During my travels, I received free accommodation for a night in exchange for writing a daily travel diary. This diary documented how I reached my next destination, the hosts who welcomed me, the food I was offered, and other experiences along the way. Below, you will find the archives of these extensive reports. Please note that English is not my native language, and most entries were written quickly, often around midnight. Enjoy!

Saturday, 5 July 2003
on the train --> Saskatoon, Saskatchewan, Canada

That train I got on last night actually arrived later that night, on already the next day, at 12.30 AM at night in Saskatoon, Saskatchewan. Saskatoon will be my hosting town for a few days this week.

I had the fortune to have hosts who could pick me up. Not only help at this time of the night was already surprising to me, but also that fact that they could pick me up all the way at the train station.

If you are a non-North-American like me you might find it hard to understand that the Saskatoon train station is in the middle of nowhere, way out in the farmland, at some 20 kilometres from the city the station is named after.

In other words: the central train station of Saskatoon is not in Saskatoon at all.

When I got off the train I walked along the concrete platform (as far as I can call it a platform) to this high ceiling block building down the track (the train is some 30 cars long). In hat building, somewhat the size of a basketball field, was a waiting area with some seat, a VIA Rail counter and a table. On the table freshly dripped coffee was waiting for anybody interested.

I almost wanted to knock on my head. Free coffee? At a train station? Just like that? "Have some if you want," the one person employer at the station said.

For people living in Saskatchewan who might travel to Europe in the future: don't ever expect free coffee at the Amsterdam train station in The Netherlands (however you might get a coupon for a drink when your train is more than two hours too late, which occurs way more often)

Within half an hour after my arrivals my first Saskatoon hosts Darlene and Dave Stuttard picked me up. It was absolutely no problem to pick me up at this remote station at this time of the night. They were already happy if they could help me out with a stay in Saskatoon by inviting me over!

Around 2 AM we were relaxing in the living room of their northern suburban home, crunching on pieces of fresh fruit that Darlene had prepared, while Dave interrogated me about my travels.

Darlene had once seen me on Vicki Gabereau's talkshow. "I never watch that show and one morning I was ironing and that show was on. I immediately invited you over!"

However because she has a slow pre-internet computer connected to the internet, she can hardly read my website through her high speed connection. "Everything gets really slow and crashed when I visit a few web pages only," she said.

It was time to head to bed and wake up at a more appropriate time this morning. The Stuttards had shown me around and given me the guest room. Darlene and Dave sleep in separate bedrooms themselves. "Dave is one of the world's biggest snorers, so you might need your ear plugs tonight."
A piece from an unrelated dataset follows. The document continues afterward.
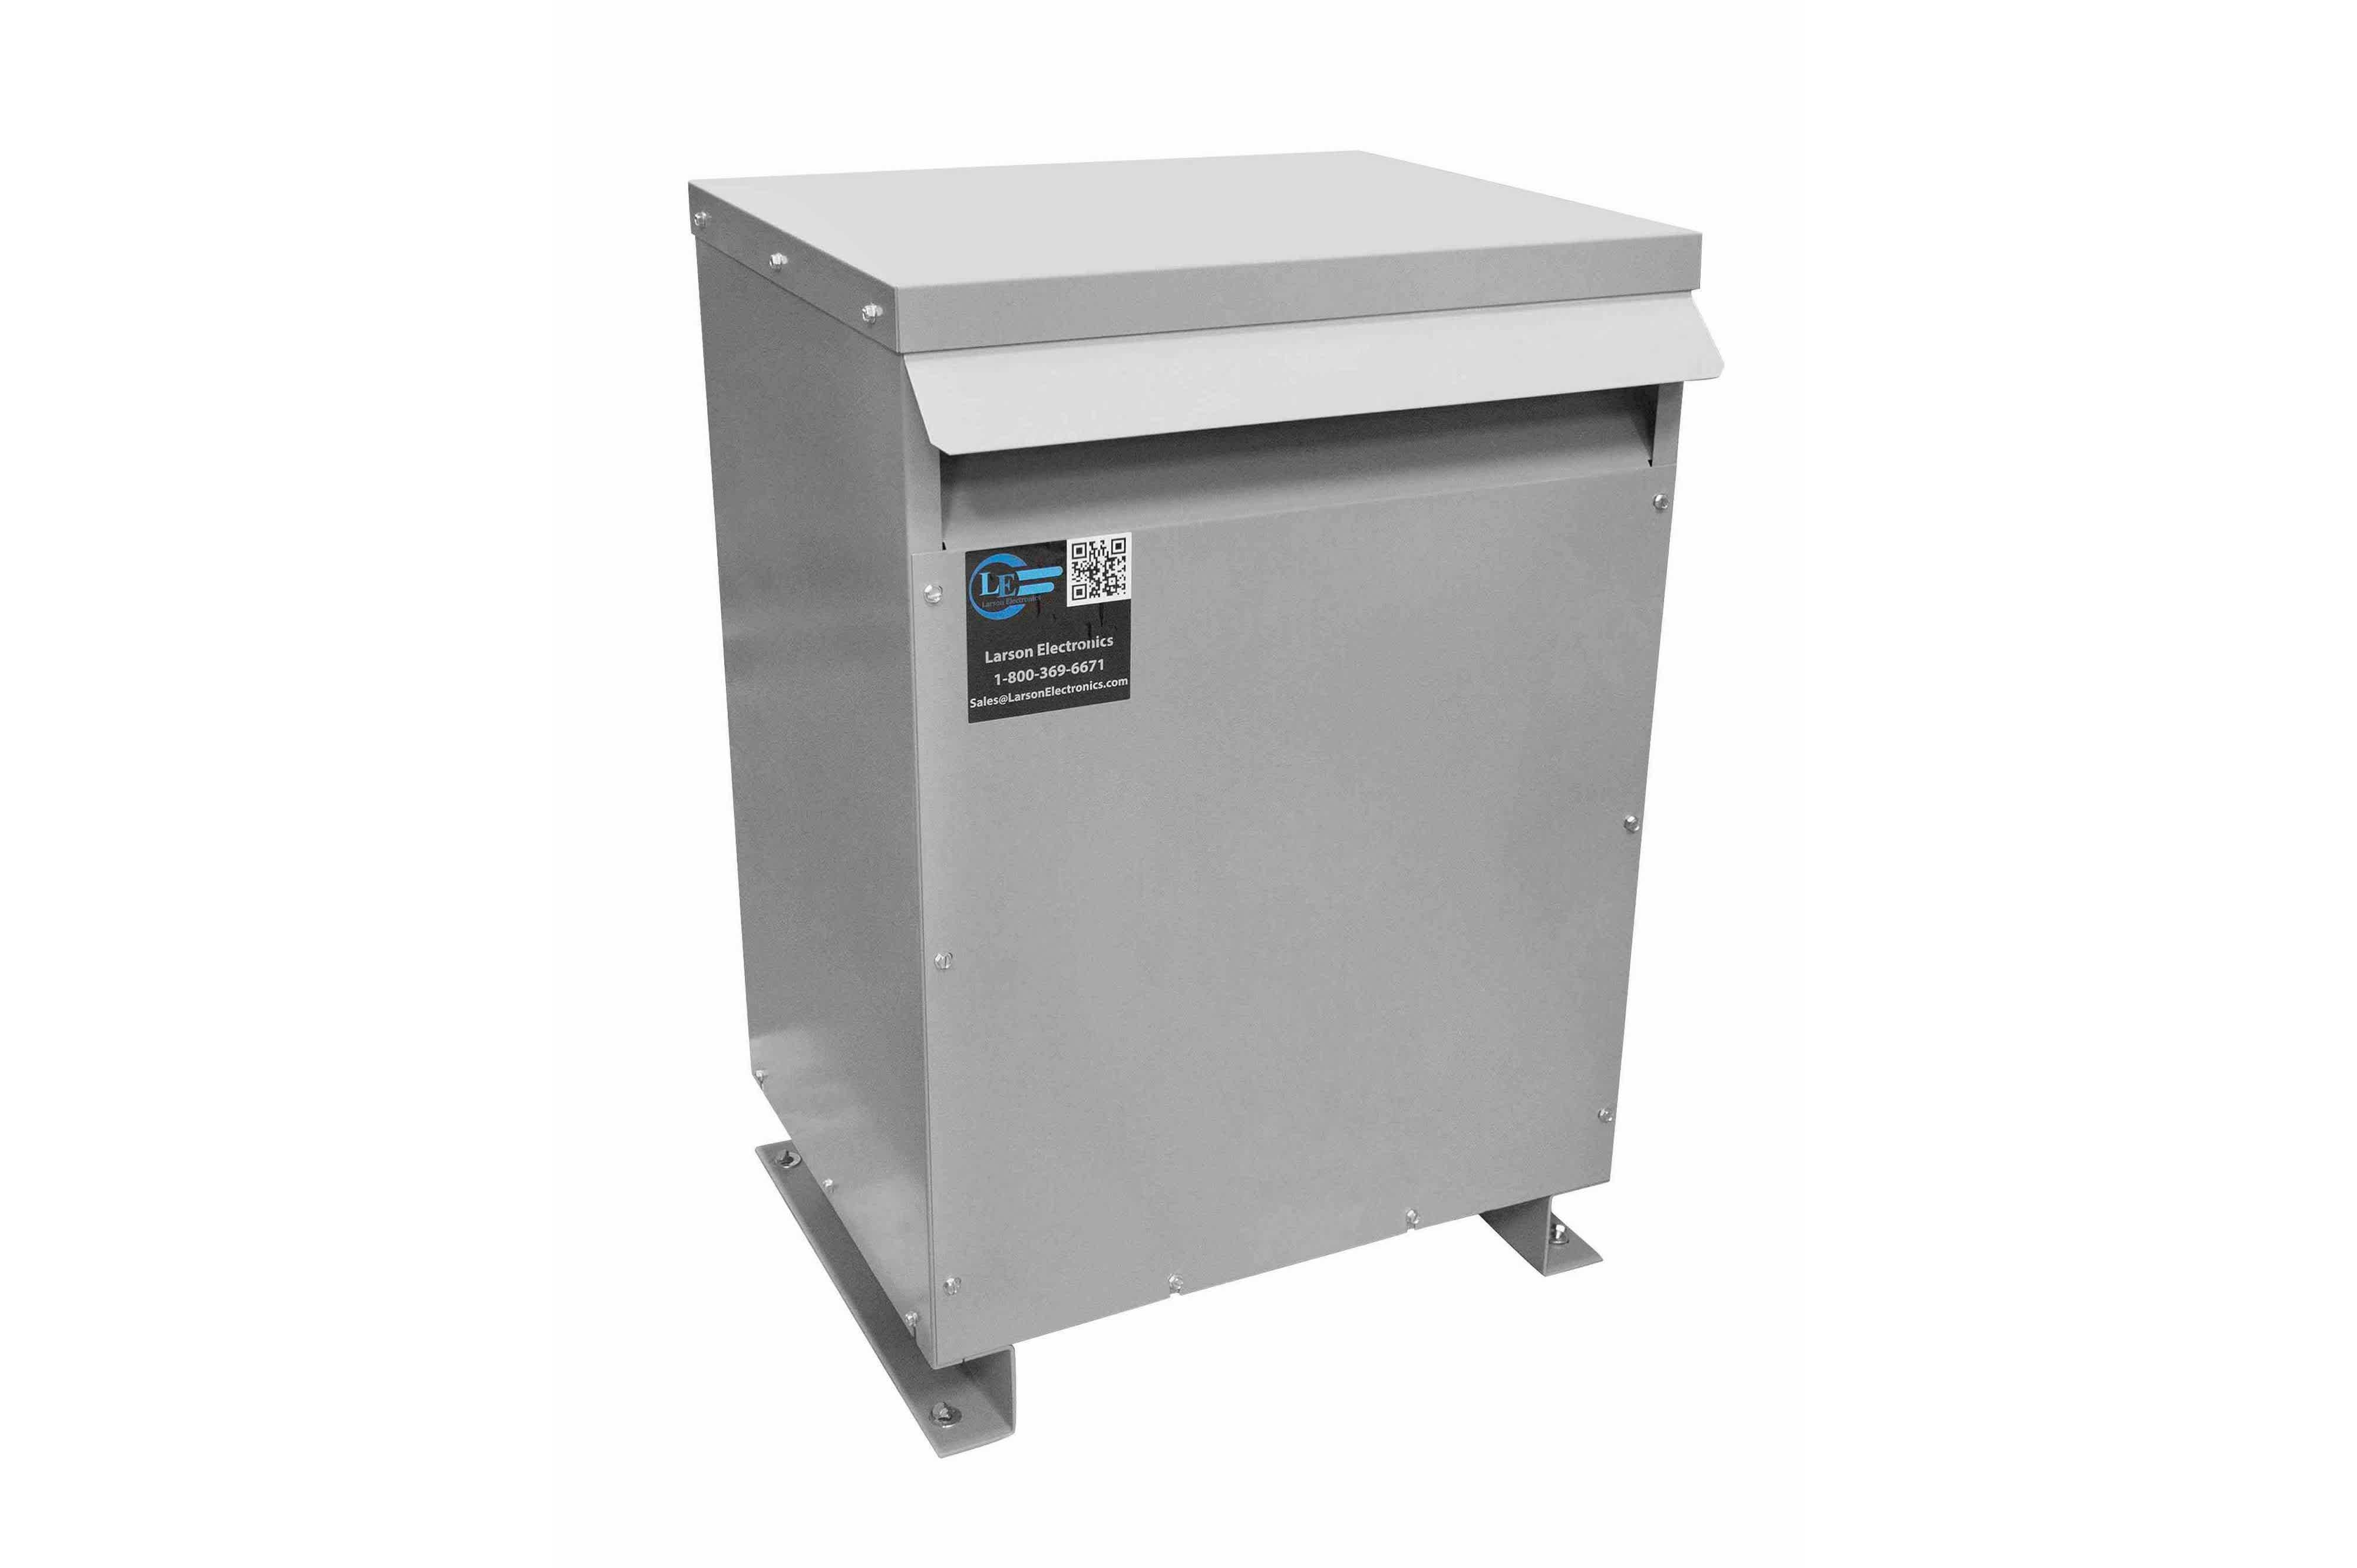 30 kVA 3PH Isolation Transformer, 480V Wye Primary, 208Y/120 Wye-N Secondary, N3R, Ventilated, 60 Hz

The ear plugs weren't necessary after all. I woke up after a great sleep in. It was Saturday, so the entire house had slept in. In the downstairs kitchen Dave prepared me a good filling breakfast-lunch bite.

As I had just arrived in Saskatoon, Darlene ordered Dave to drive me around and show me the city, while she went shopping for groceries.

I later found out that Darlene always does the grocery shopping on her own. "When all our kids had left the house, Dave suddenly asked me if he could come along with my grocery shopping." Darlene looked at me with big eyes when she told me this. "I said 'Why do you suddenly want to come with me, you haven't done any groceries in the last twenty years!'" I had a good laugh about that with her.

Saskatoon all started on the banks of the South Saskatchewan River that goes through the hard of a vast wheat-growing province. Saskatoon itself is a commercial, manufacturing and distribution centre with a population of around 236,000.

Saskatoon is Saskatchewan's biggest city, but here in Canada people have the uncommon habit that always the second biggest city becomes capital of the province, otherwise there is even less of a reason to go there (take Ottawa as an example for the nation's capital, Toronto is much bigger!). The capital city of Saskatchewan is the second and last city of the province, Regina.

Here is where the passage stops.